Tamura M, Oku T, Hosoya N
J Nutr Sci Vitaminol (Tokyo). 1982 Oct;28(5):533-41. doi: 10.3177/jnsv.28.533.
The Ca2+-binding properties and amino acid compositions of two calcium-binding proteins (mCaBP-3 and mCaBP-4) purified from bovine milk were studied. mCaBP-3 was identified as a Ca2+-bound type and mCaBP-4 as a Ca2+-free type by means of ion-exchange chromatography on a DEAE-Sephadex A-25 column.

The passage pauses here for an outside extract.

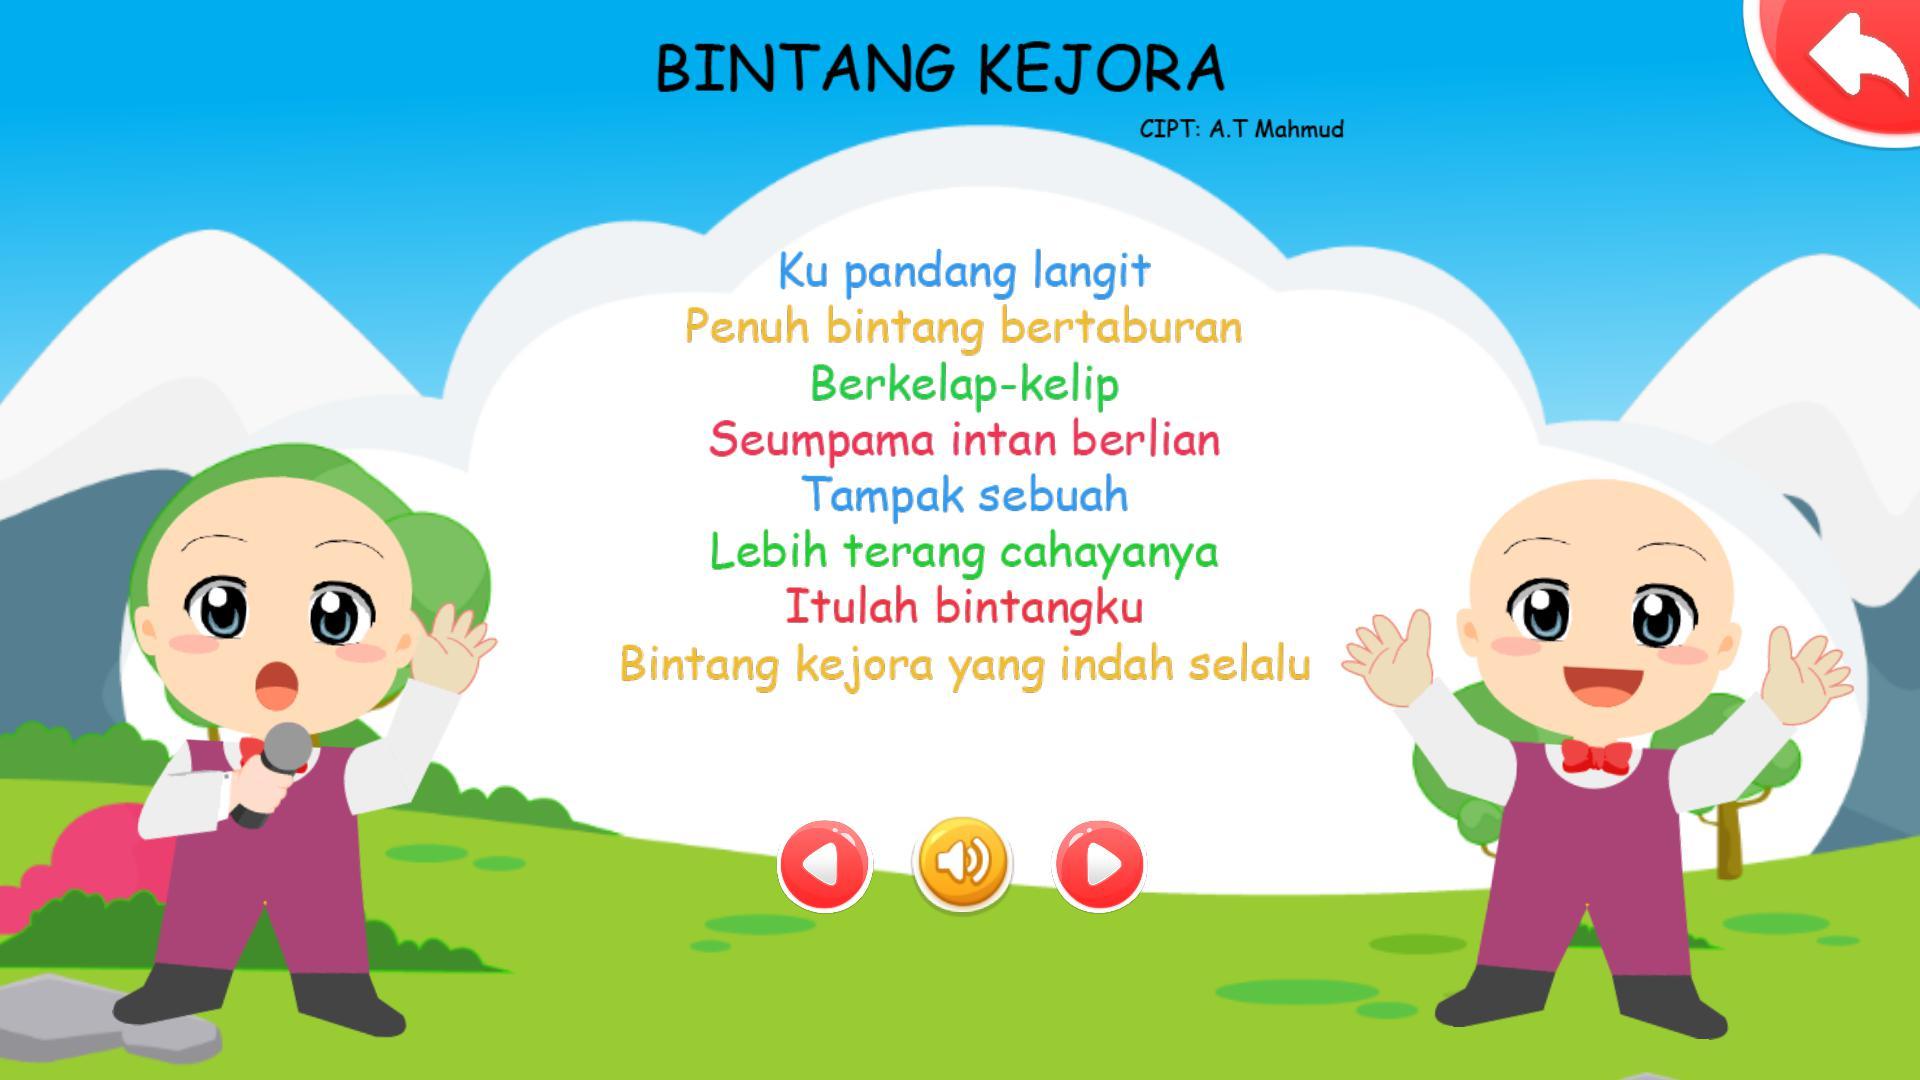 Menyanyi Lagu Anak Bersama 2 游戏截图3

In polyacrylamide gel disc electrophoresis, both mCaBP-3 and mCaBP-4 had the same mobility of Rf = 0.73 and the addition of 5 mM CaCl2 to the electrode buffer decreased the mobility from Rf = 0.73 to Rf = 0.49. mCaBP-3 and mCaBP-4 consisted of 120 and 122 amino acid residues, respectively. The molecular weights were 13,758 and 13,967, respectively. The amino acid compositions of the two milk CaBPs very closely resembled each other. Both milk CaBPs were rich in aspartic acid, glutamic acid, leucine and lysine, but did not contain trimethylated lysine and amino sugar. An interesting feature is that each milk CaBP contained eight cysteine sulfone and three tryptophan residues per molecule. From these results, it is suggested that mCaBP-3 and mCaBP-4 are identical protein and that mCaBP-3 is formed from mCaBP-4 by means of a conformational change by binding of Ca2+. Thus, mCaBP-3 is a holoprotein and mCaBP-4 is an apoprotein. Furthermore, it is suggested that milk CaBP is different from calmodulin, troponin C and vitamin D-dependent calcium-binding protein.
对从牛乳中纯化得到的两种钙结合蛋白(mCaBP - 3和mCaBP - 4)的钙离子结合特性和氨基酸组成进行了研究。通过在DEAE - Sephadex A - 25柱上进行离子交换色谱法,鉴定出mCaBP - 3为钙离子结合型,mCaBP - 4为无钙离子型。在聚丙烯酰胺凝胶圆盘电泳中,mCaBP - 3和mCaBP - 4的迁移率相同,Rf = 0.73,向电极缓冲液中添加5 mM氯化钙后,迁移率从Rf = 0.73降至Rf = 0.49。mCaBP - 3和mCaBP - 4分别由120和122个氨基酸残基组成。分子量分别为13,758和13,967。两种乳钙结合蛋白的氨基酸组成非常相似。两种乳钙结合蛋白都富含天冬氨酸、谷氨酸、亮氨酸和赖氨酸,但不含三甲基赖氨酸和氨基糖。一个有趣的特征是,每种乳钙结合蛋白每分子含有八个半胱氨酸砜和三个色氨酸残基。从这些结果表明,mCaBP - 3和mCaBP - 4是相同的蛋白质,并且mCaBP - 3是通过钙离子结合引起的构象变化由mCaBP - 4形成的。因此,mCaBP - 3是全蛋白,mCaBP - 4是脱辅基蛋白。此外,表明乳钙结合蛋白与钙调蛋白、肌钙蛋白C和维生素D依赖性钙结合蛋白不同。